Ministry of Marine and Blue Economy is seeking new funding to implement its ambitious 10-year policy, with officials acknowledging that public funding is insufficient for the scale of transformation envisioned.
Adegboyega Oyetola, said finance is the “lever that will attract long-term and progressive capital critical” and determine whether the ministry’s goals take off.
“Resources we currently receive from the national budget are grossly inadequate compared to the enormous responsibility before the ministry and sector,” he warned.
He described public funding not as charity but as “seed capital” that would unlock private investment adding that without it, Nigeria risks falling behind its neighbours while billions of naira continue to leak abroad through freight payments on foreign vessels.
He said “We have N24.6 trillion in pension assets, with 5 percent set aside for sustainability, including blue and green bonds,” he told stakeholders. “Each time green bonds have been issued, they have been oversubscribed. The money is there. The question is, how do you then get this money?”
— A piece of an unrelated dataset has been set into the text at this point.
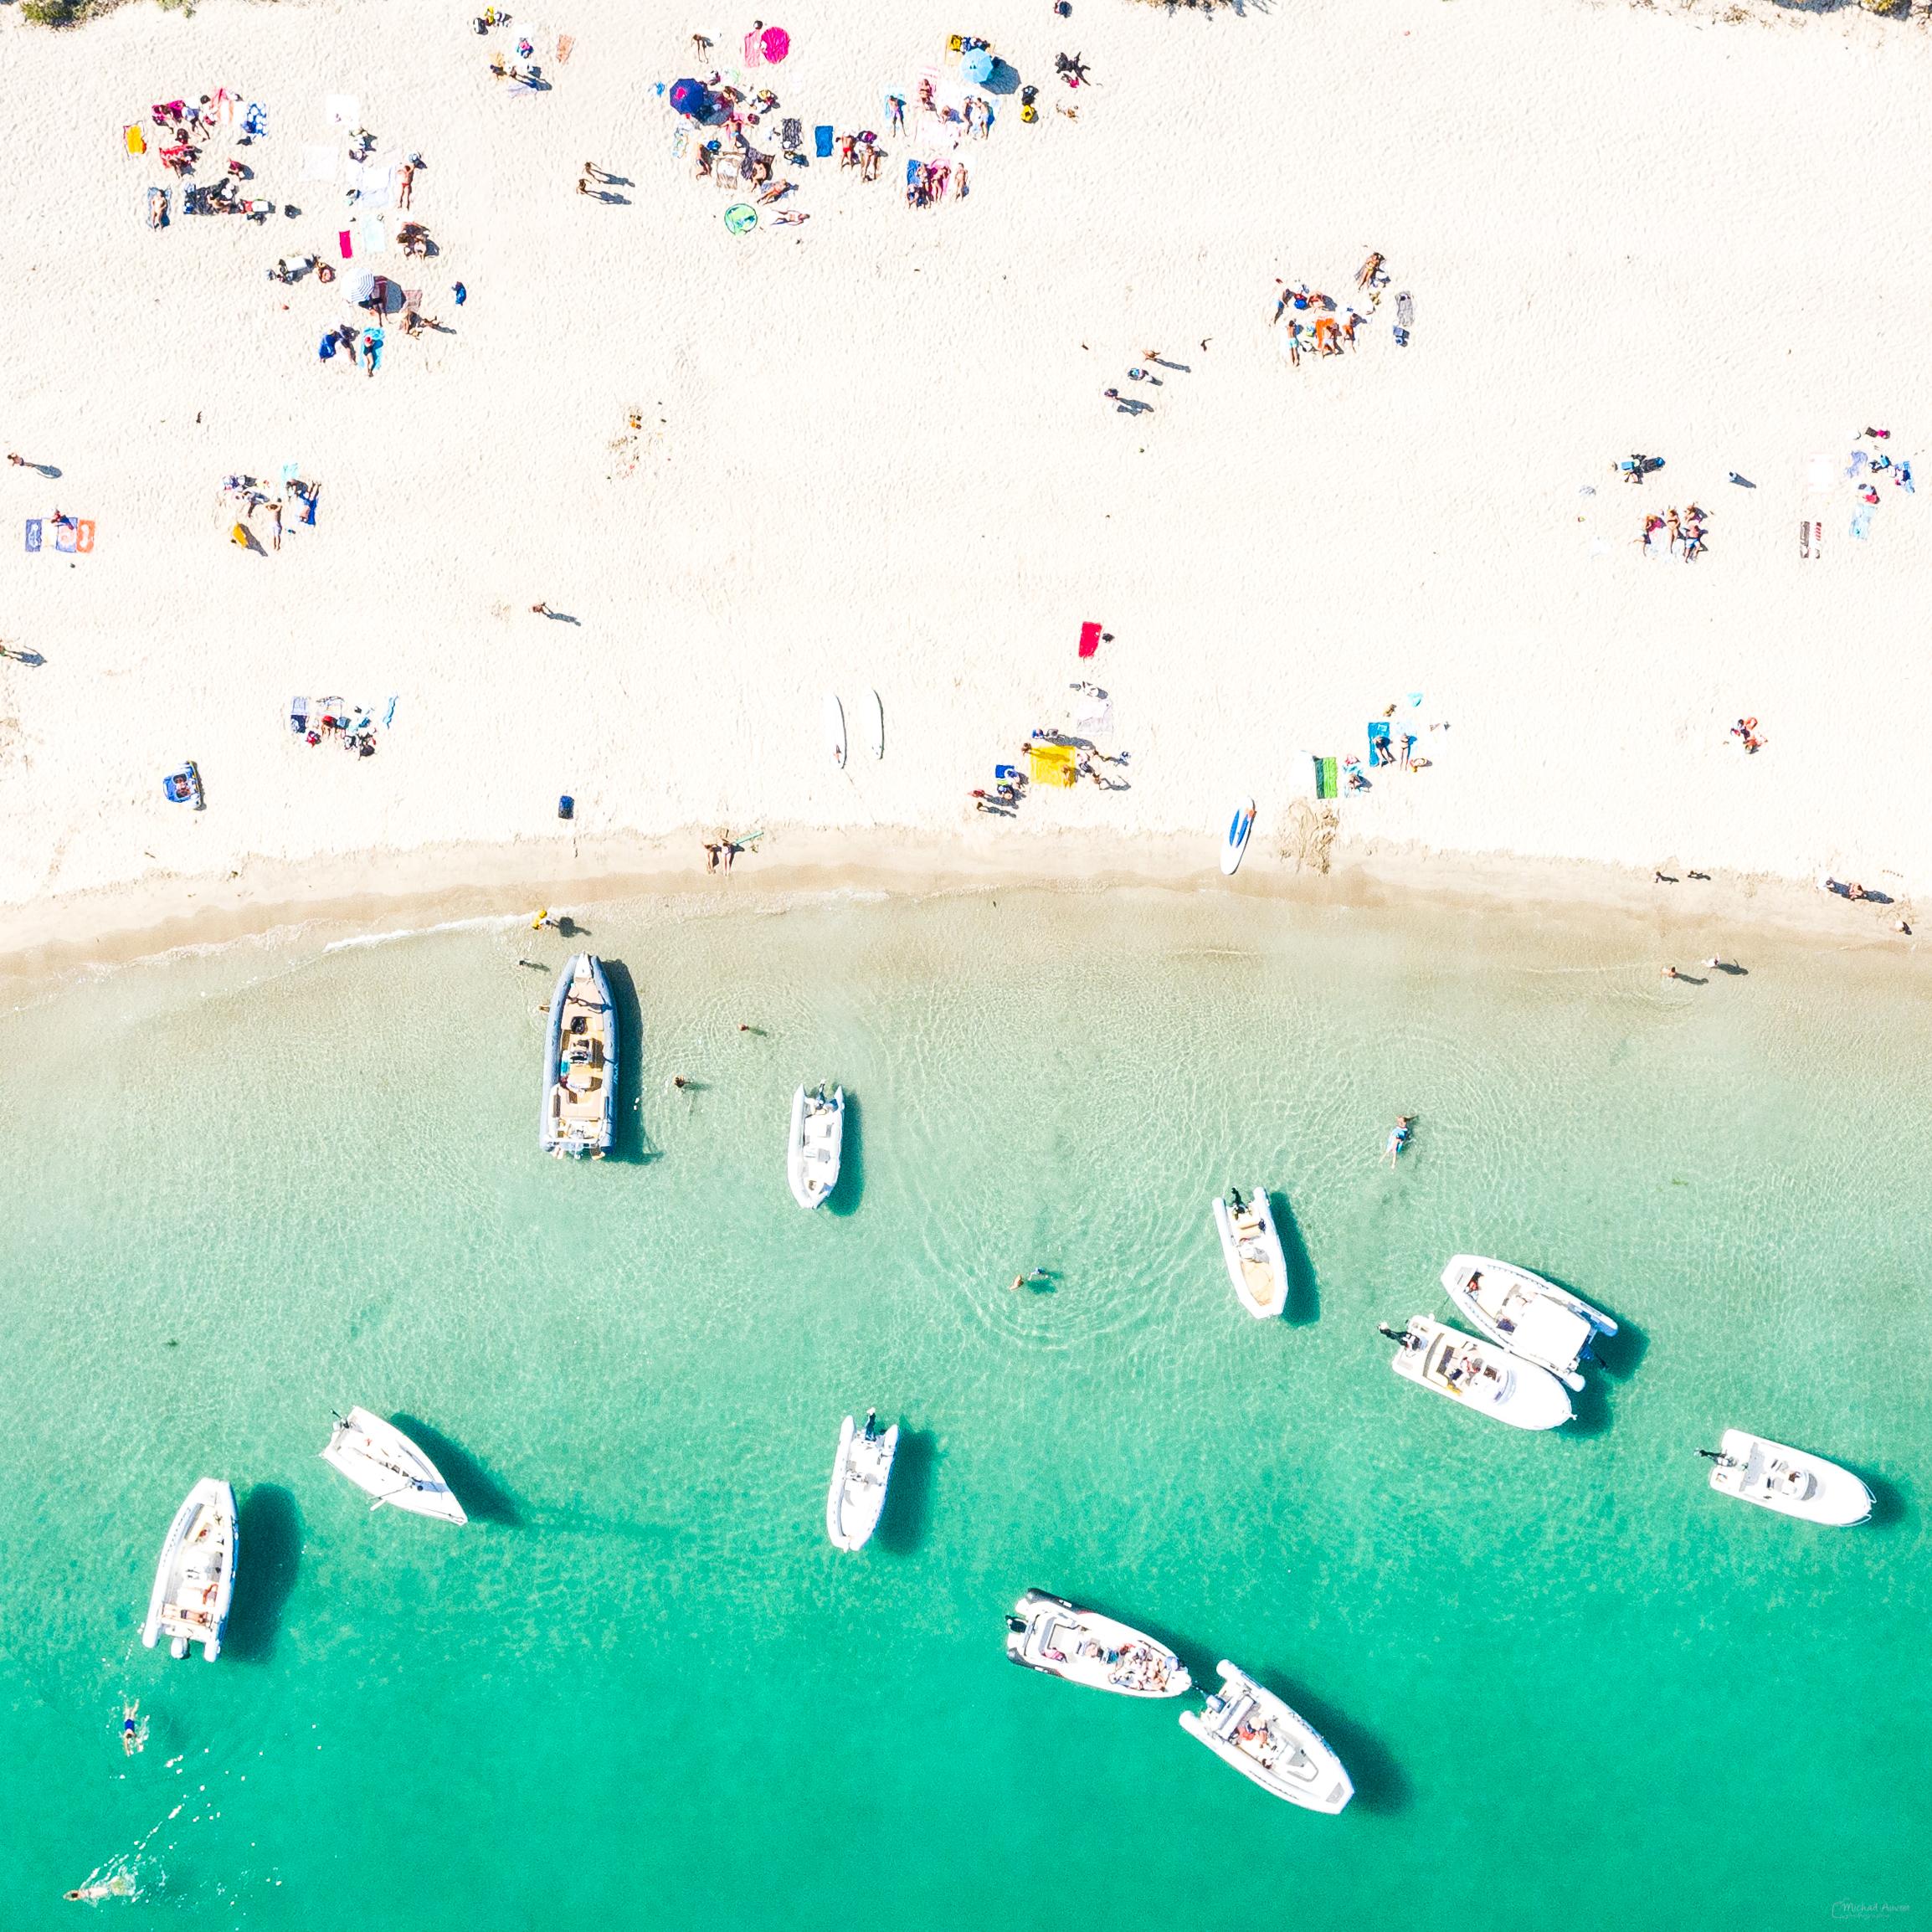 plage mer sable vue-du-ciel aérienne ebihen
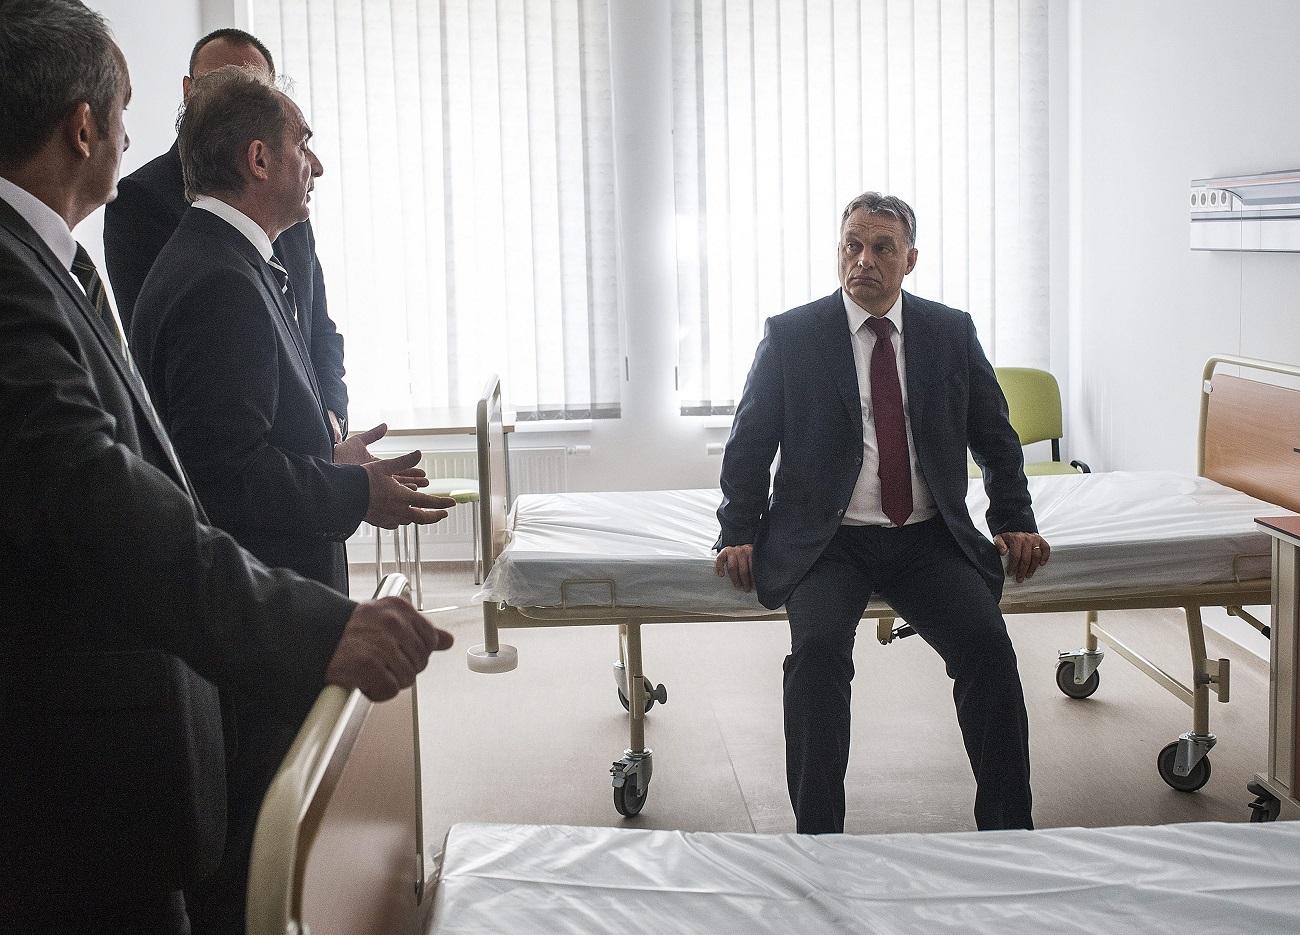 Az ellenzék eltörölte volna az állami vezetők kórházi VIP-ellátását, de a Fidesz-KDNP lesöpörte a javaslatot

The NGX reckons that once incorporated into the national budget, the Debt Management Office could issue the bonds, attracting both domestic pension funds and international investors.
Yet even as officials push for creative financing, Oloruntola stressed that the first step remains legislative.
“Even the most innovative financial tools and private investments require a solid public funding base to thrive.
It would be noted that with government funding inadequate, the ministry and capital market operators see bonds as alternative financing.